---- Data extract

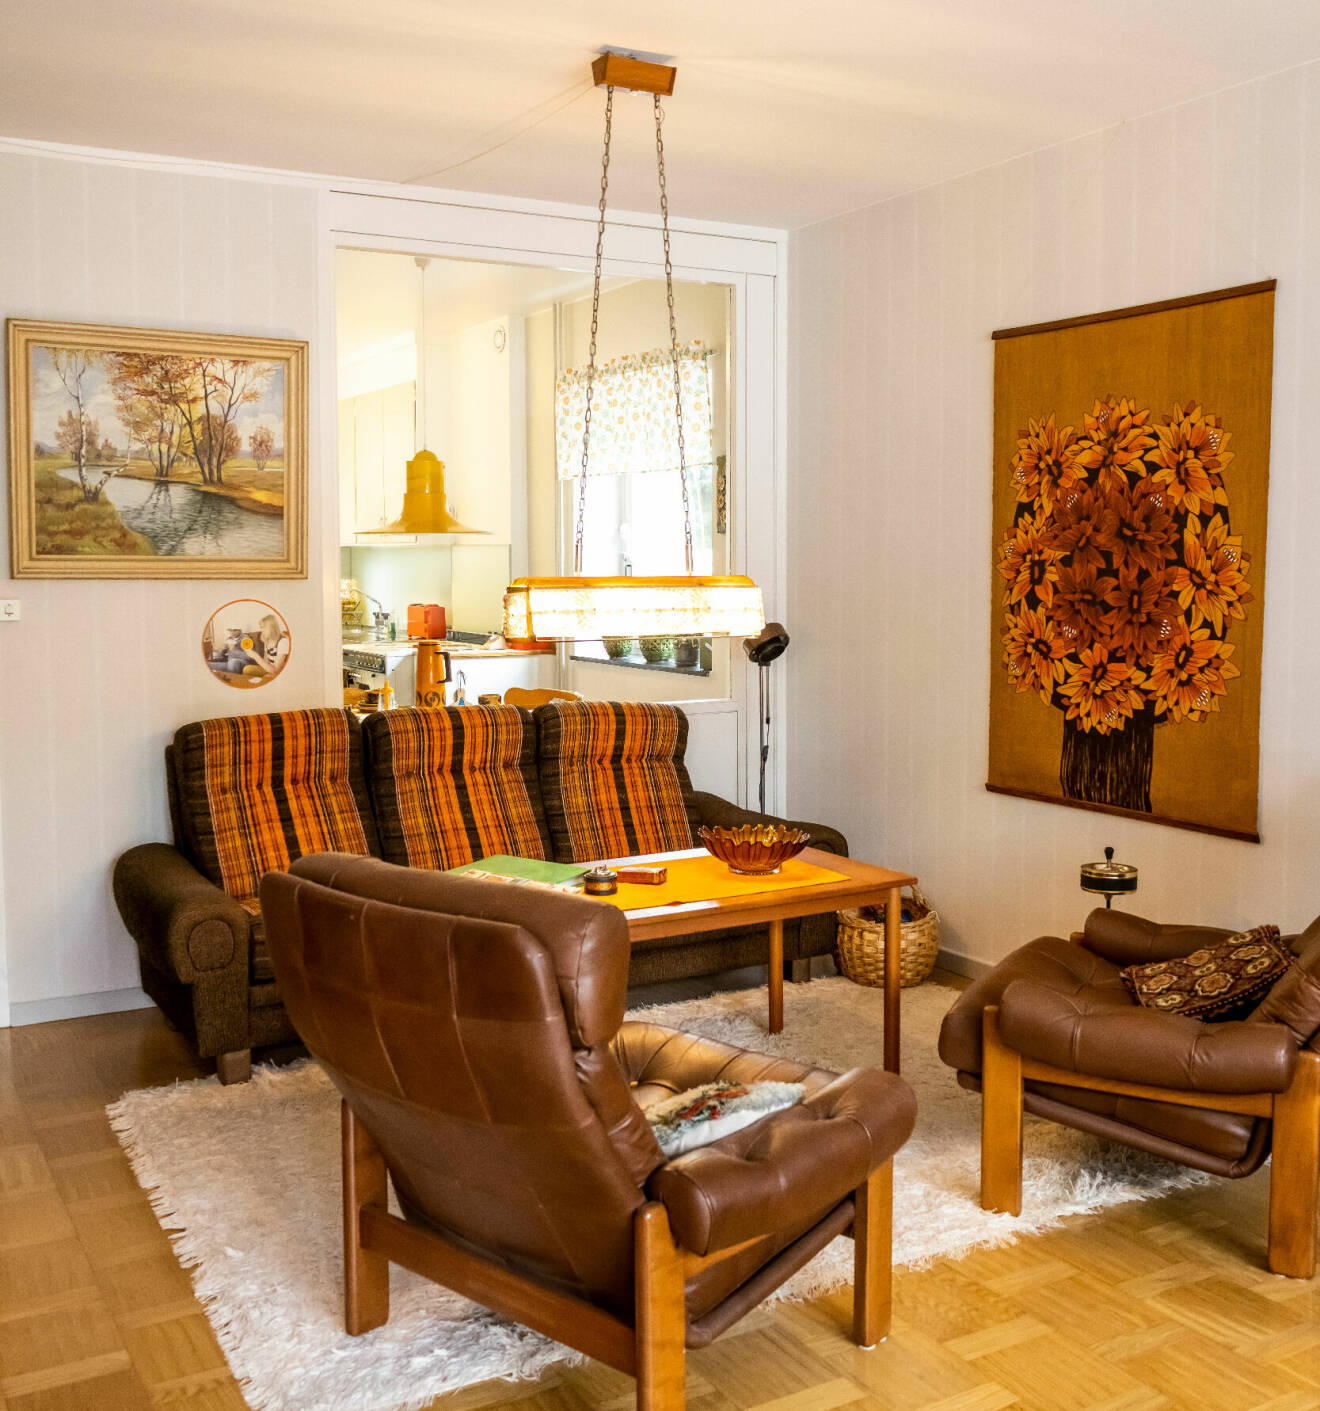 Vardagsrum i 70-talsstil. Bruna läderfåtöljer, en brunorange soffa och på väggen en bonad som också går i brunt och orange.
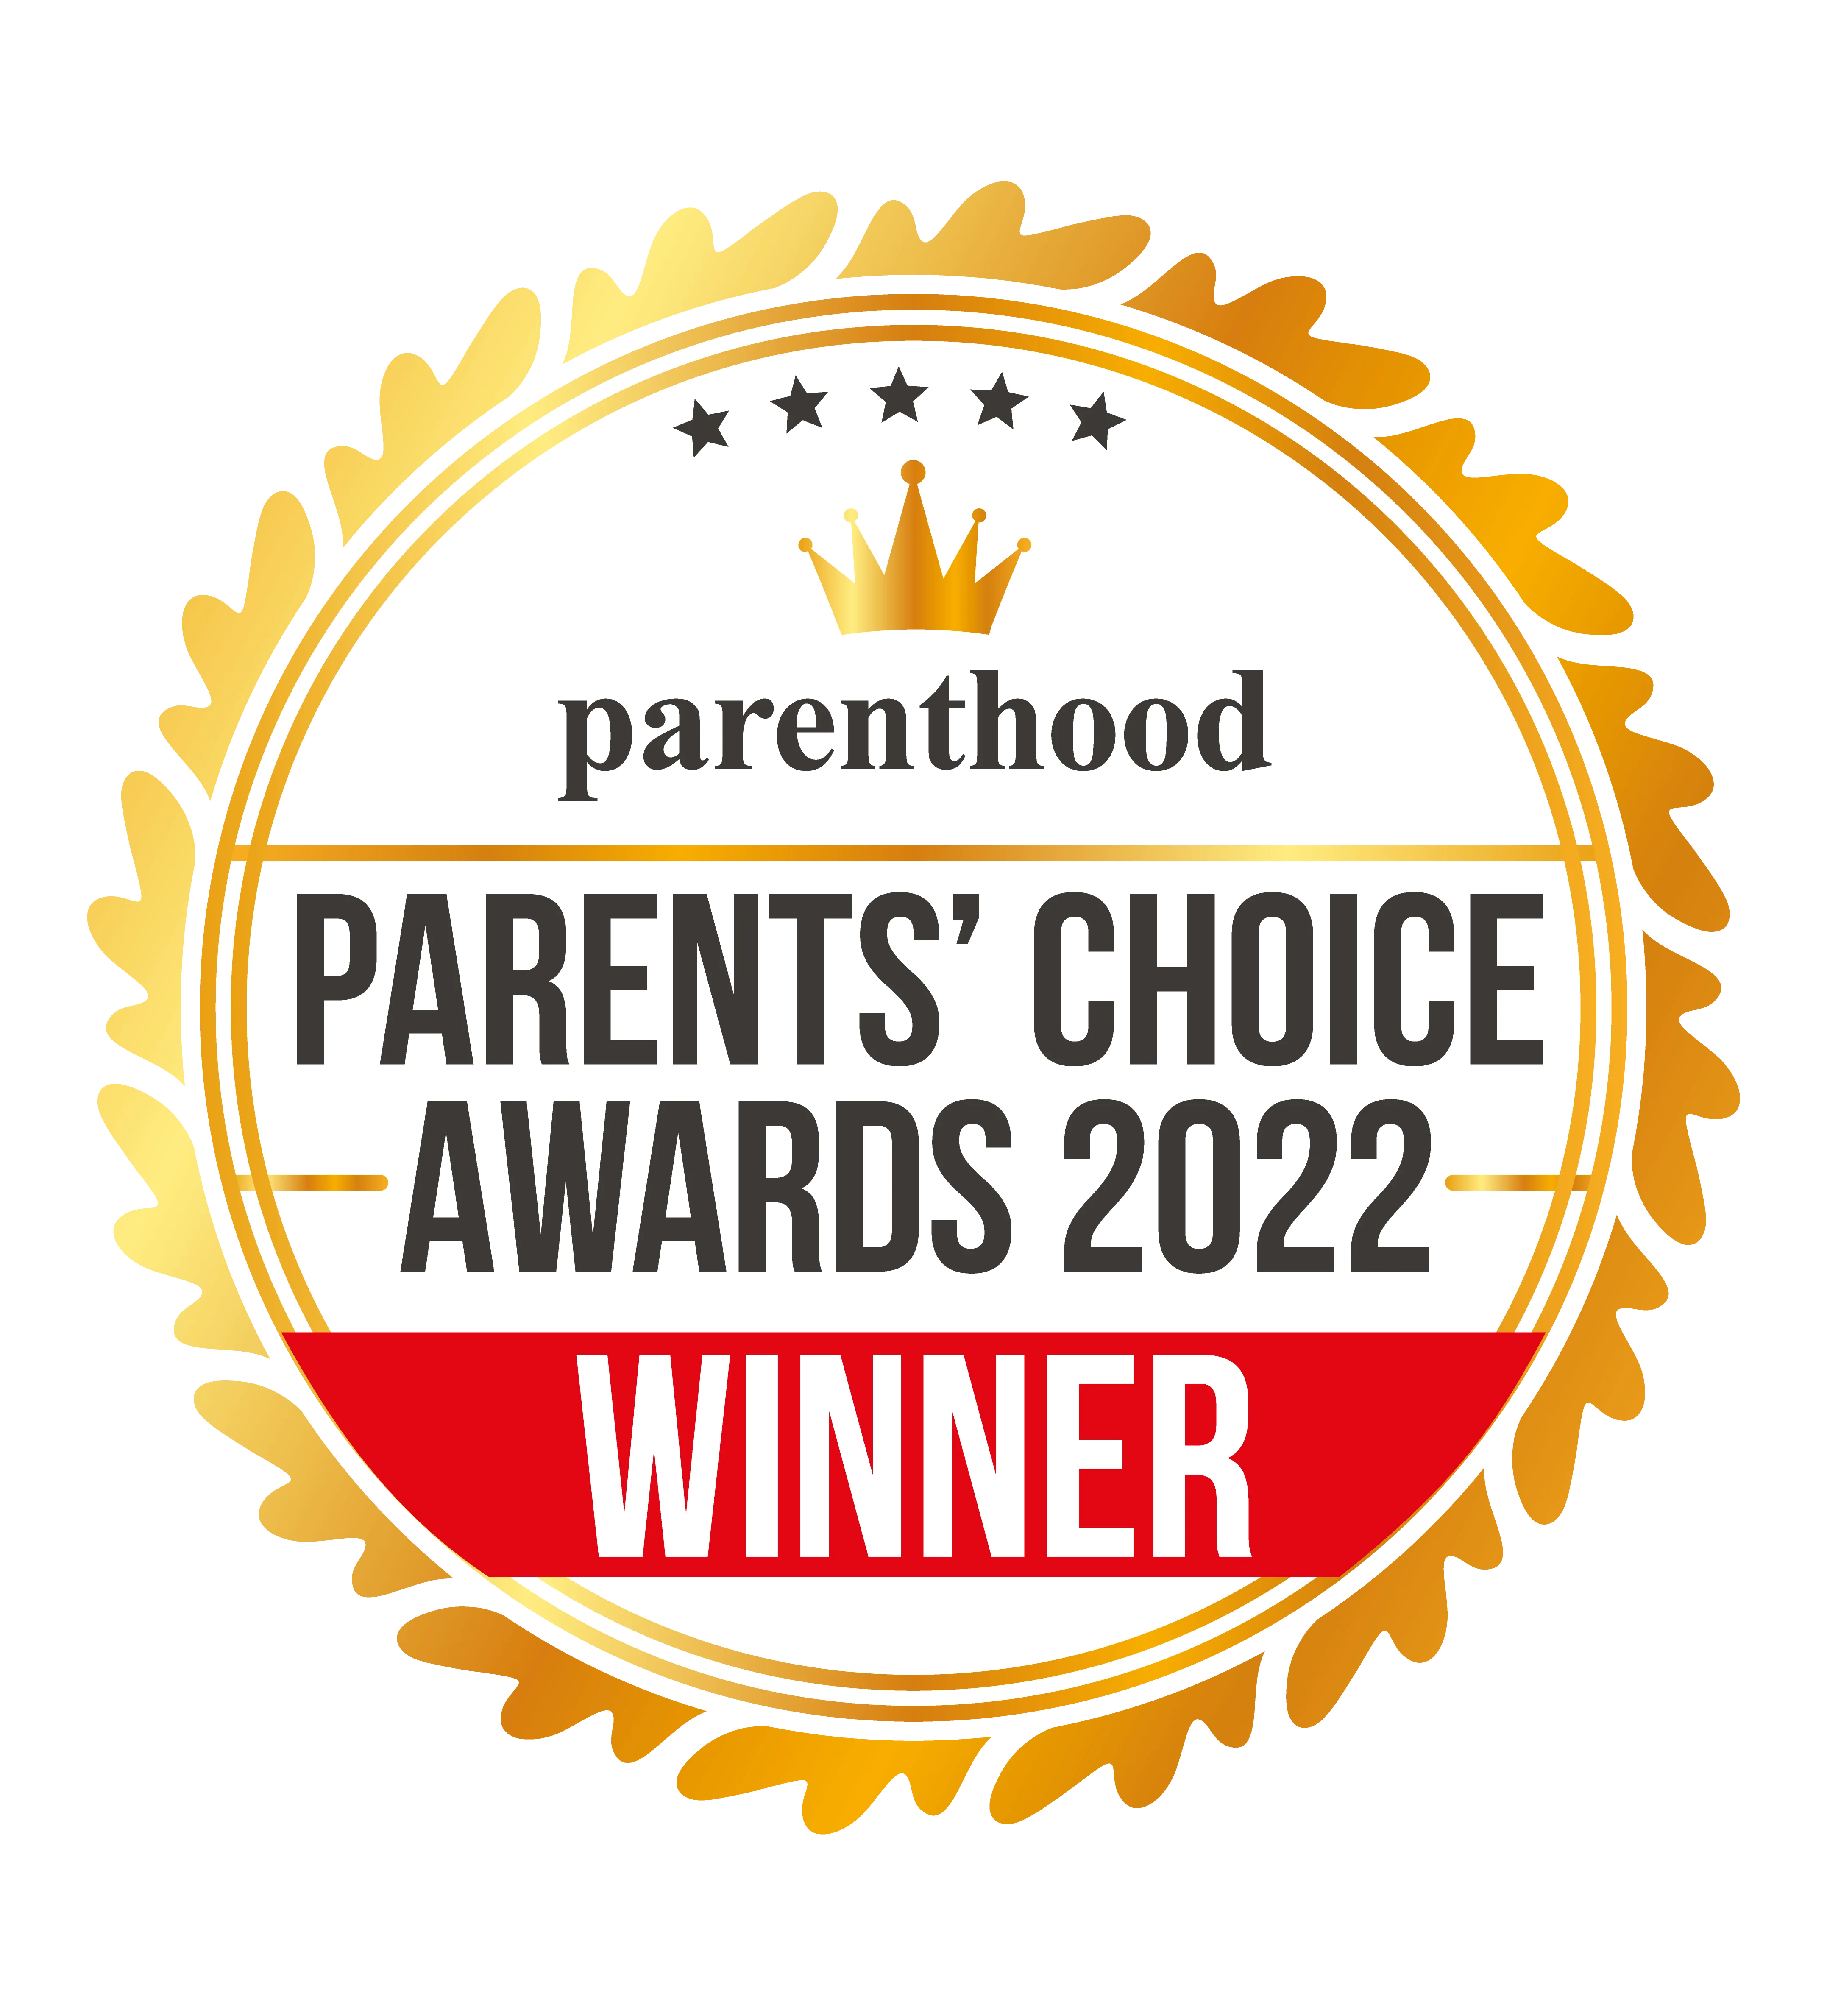 parents' choice awards 2022
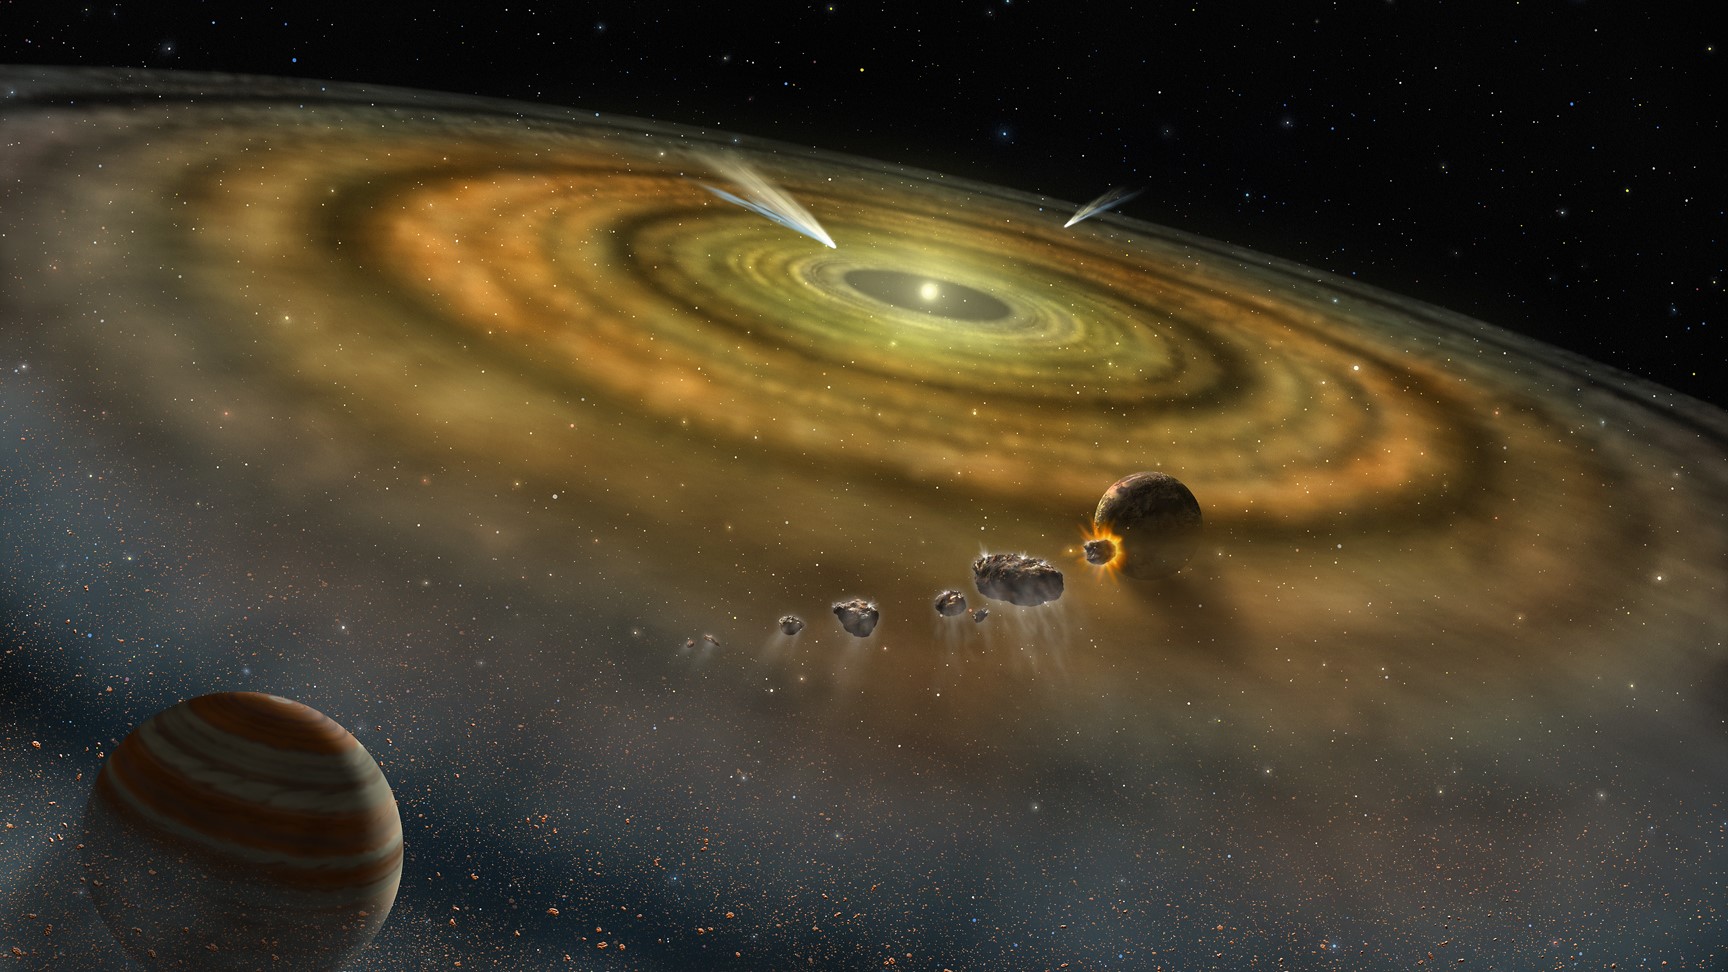 Artystyczne przedstawienie planet powstałych z dysku materiału otaczającego gwiazdę.

--------

### Task statement
Using the material above, set down every line exactly, but skip the pictures.

### Answer space
 Vardagsrum i 70-talsstil. Bruna läderfåtöljer, en brunorange soffa och på väggen en bonad som också går i brunt och orange.
 parents' choice awards 2022
 Artystyczne przedstawienie planet powstałych z dysku materiału otaczającego gwiazdę.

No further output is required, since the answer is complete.